Fonte: TST - Tribunal Superior do Trabalho

A Subseção I Especializada em Dissídios Individuais (SDI-1) do Tribunal Superior do Trabalho decidiu que, quando o empregado é obrigado a converter 1/3 de suas férias em abono pecuniário, o período deverá ser pago em dobro. No entanto, o valor pago a esse título na época das férias deve ser considerado para efeito da aplicação da penalidade.

Obrigação

O caso teve início em reclamação trabalhista ajuizada por um empregado do HSBC Bank Brasil S. A. que sustentou que era coagido a vender dez dias de suas férias. Segundo ele, a obrigação contraria o princípio de que as férias de 30 dias são norma de saúde e higiene pública garantida pela Constituição da República, razão pela qual teria direito ao pagamento em dobro de todo o período de descanso. De forma sucessiva, requereu o pagamento em dobro ao menos dos 10 dias vendidos compulsoriamente à instituição bancária.

O juízo da 22ª Vara do Trabalho de Porto Alegre e o Tribunal Regional do Trabalho da 4ª Região (RS) entenderam que a prática era lesiva ao empregado, mas concluíram que a remuneração de férias havia sido paga e limitaram a condenação ao pagamento simples do período, acrescido do abono de 1/3. No entanto, a Segunda Turma do TST, ao julgar o recurso de revista do bancário, entendeu que a situação concede ao empregado os mesmos direitos previstos no artigo 137 da CLT, que determina o pagamento em dobro do período de férias não usufruído na época própria.

Pagamento triplo

Nos embargos à SDI-1, o banco sustentou que, embora o empregado tenha o direito de receber em dobro o período de férias não usufruído, a condenação imposta pela Segunda Turma representa, na verdade, pagamento triplo, uma vez que já havia sido pago o valor correspondente a dez dias.

O relator, ministro Vieira de Mello Filho, observou que a conversão de 1/3 do período de férias em abono pecuniário é um direito do empregado, que tem direito, a título indenizatório, ao pagamento da remuneração de férias dos dias correspondentes. Não havendo, contudo, livre escolha nesse sentido, mas imposição do empregador, o que se observa é o descumprimento do que preceituam os artigos 143 da CLT e 7º, inciso XVII, da Constituição da República, sendo aplicável a sanção de pagamento em dobro “no intuito de coibir a prática que compromete o direito ao descanso anual”.

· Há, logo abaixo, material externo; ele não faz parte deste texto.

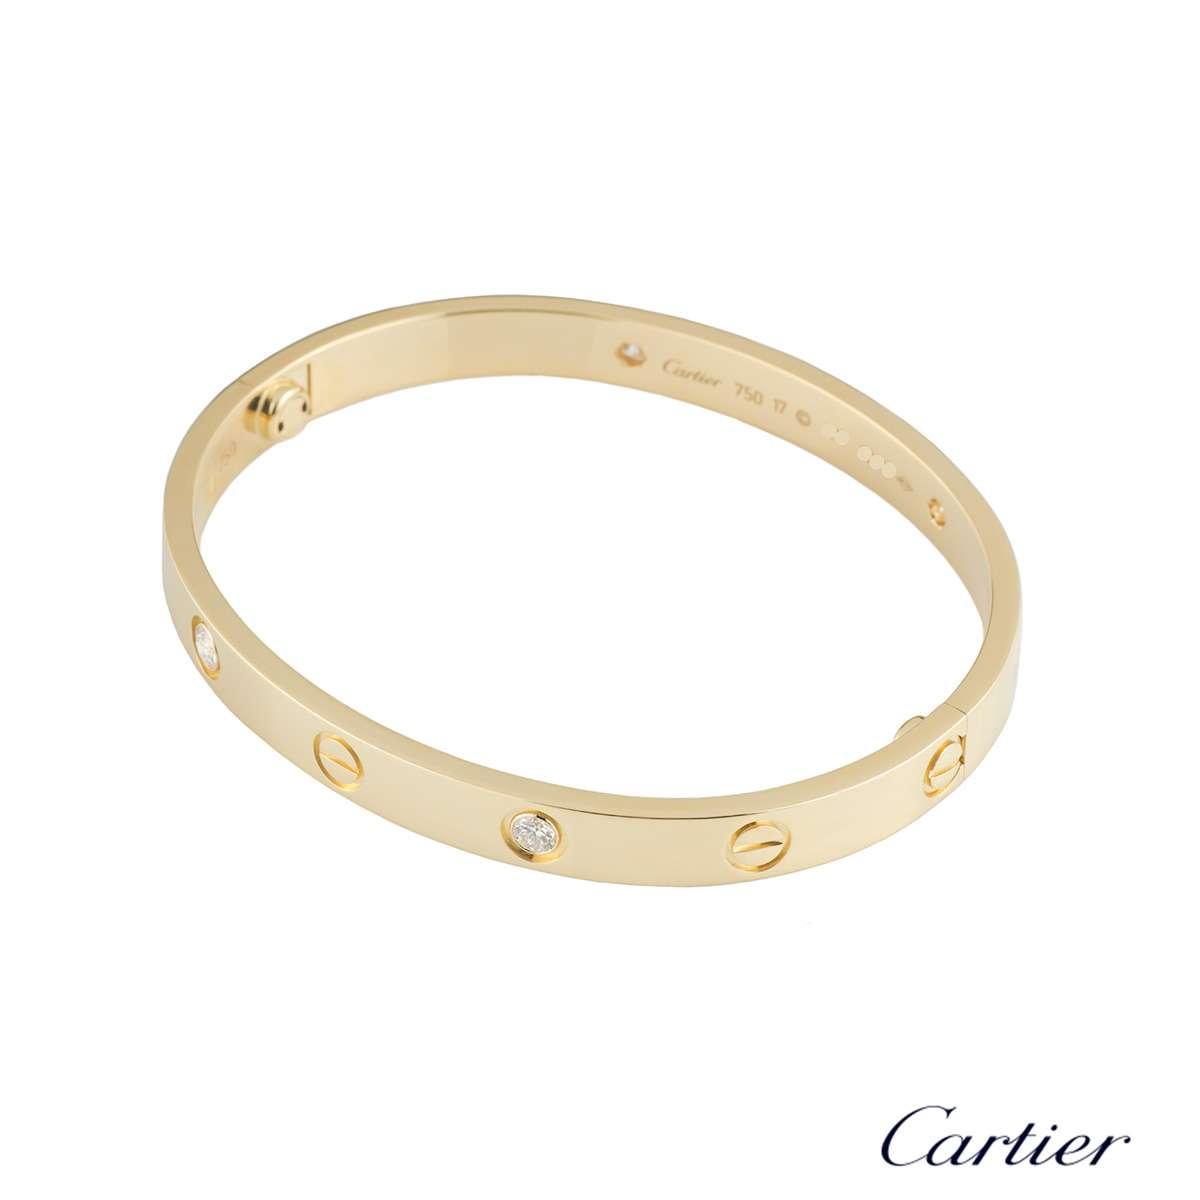 Cartier Yellow Gold Half Diamond Love Bracelet Size 16 B6035916
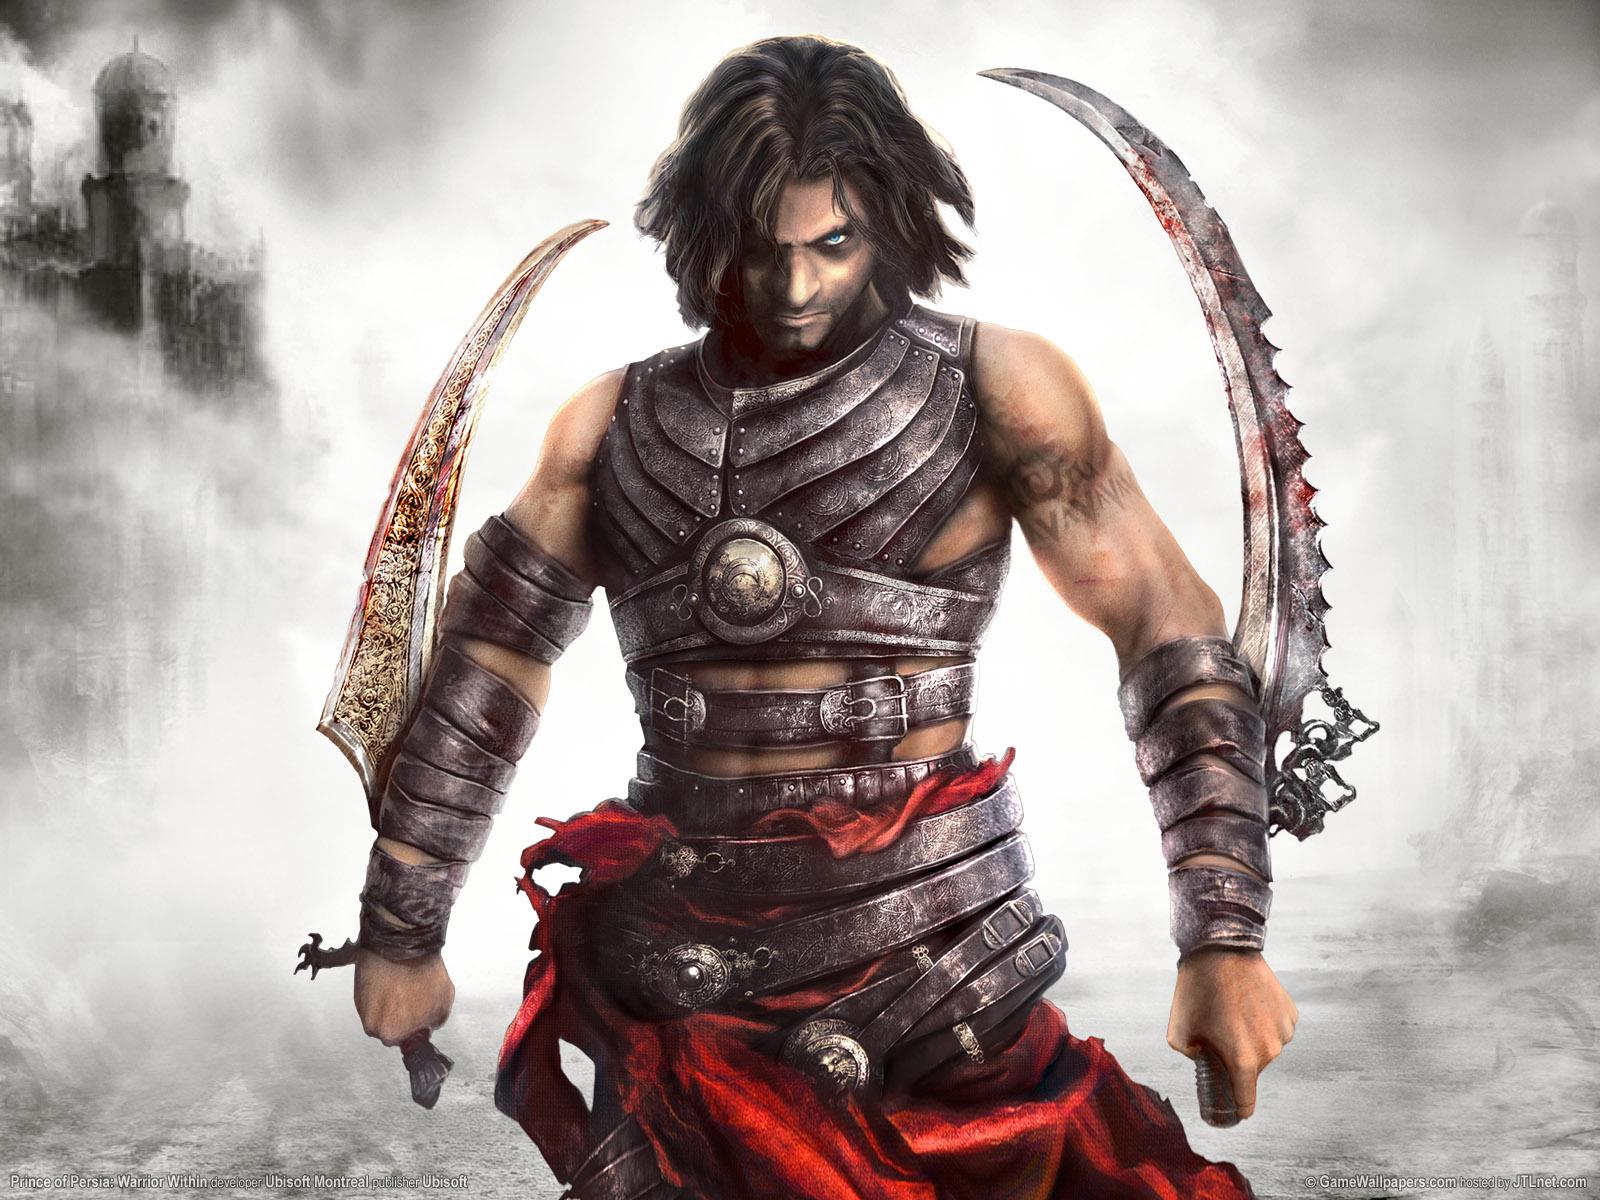 Prince of Persia Trilogy + HD + 3d + exclusividad para europa = EPIC FAIL!

No caso, entretanto, constatado que o empregado já recebeu a remuneração de férias do período não usufruído, esse valor deve ser tomado em consideração na aplicação da penalidade. “Conclusão em sentido contrário ensejaria o pagamento da remuneração de férias não em dobro, como preceitua a CLT, mas em triplo, configurando enriquecimento sem causa”, concluiu.

Por unanimidade, a SDI-1 deu provimento ao recurso e restabeleceu a decisão do TRT.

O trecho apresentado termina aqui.